There are a few cases, yet, where governments have established some measure of institutional consistency in the detection of collective development goals. Needless to say, the situation diverges from one historical or political framework to another. The majority of developing countries have no substitute but to rely on a strong and focused government to map out a strategic development way. The obstinate theoretical and practical question relics why different types of interventionist states with command over similar resources and instruments of control tend to show extremely conflicting development orientations and end up on dissimilar development paths.

The consensual view is that the great majority have remained "regulatory" or "obstructionist" and are far back on the road to becoming real "development states" that portray the vision and capability needed to promote necessary development goals. Achievement of the latter depending not so much on the dimension of the government apparatus but more on its quality and efficiency. This has been established by the development experience of Nordic and East Asian countries, which have been thriving in meshing interventionist schemes with the market mechanism, as well as in cultivation resilient coalitions of modernizing interests in the structuring of national development agendas. Traditionally, such coalitions have resultant their integrity, credibility, and political legality from the nation's collective aspirations.

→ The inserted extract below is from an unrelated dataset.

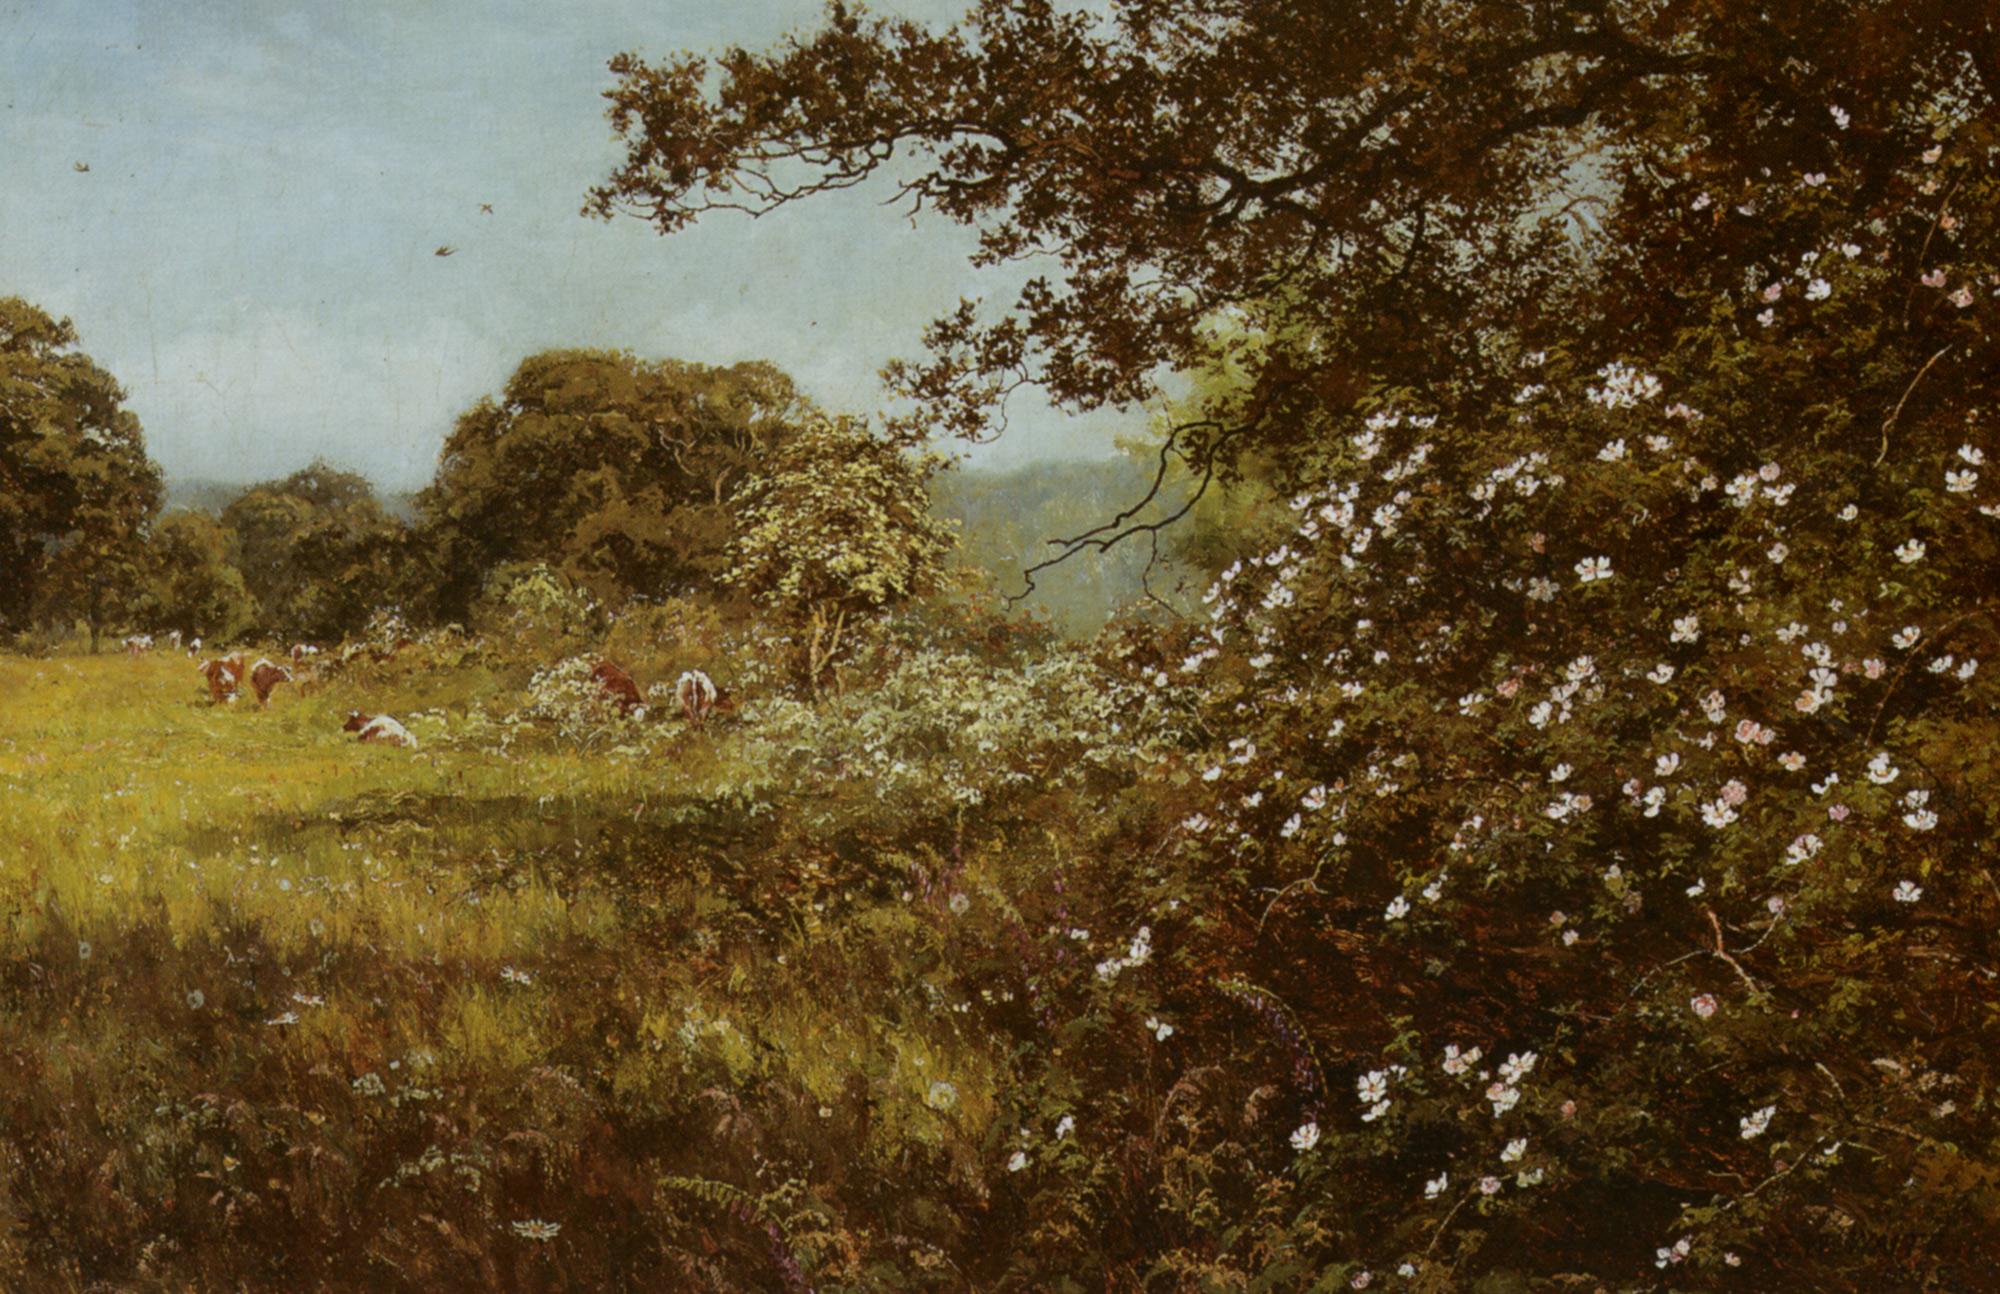 Early Summer :: Edward Wilkins Waite - Summer landscapes and gardens ôîòî

The centralization of decision making has been efficiently combined with flexibility in dealing with technical and market conditions. Goals and policies have been continually interpreted and reinterpreted on the basis of organizational networks between party organizations, public officials, and private entrepreneurs. This is not meant to propose that what has worked in the flourishing corporatist models of the Nordic countries and the Sinitic world, particularly Japan, can or should be replicated in the late-developing world. In the first place, the social and cultural homogeneity in both regions have made the counterfeiting of a political consensus much easier.

Second, the tensions that continuously arise between the spoken interests of organized classes, pressure groups, and the state influential responsible for policy formulation and implementation cannot be resolved in a context free or institutionally neutral manner. The state remains a "strategic actor in the game of mixed conflict and cooperation amongst other groups" (Bardhan 1988: 65). Under the conditions, the nature of developmental outcomes eventually depends on its ability to determine conflicts and make compromises in an open political milieu. The directness of the political process determines the nature and efficacy of the development delivery system and the degree to which consensual relationships can be recognized and nurtured with labor, business, people's organizations, and the rustic sector.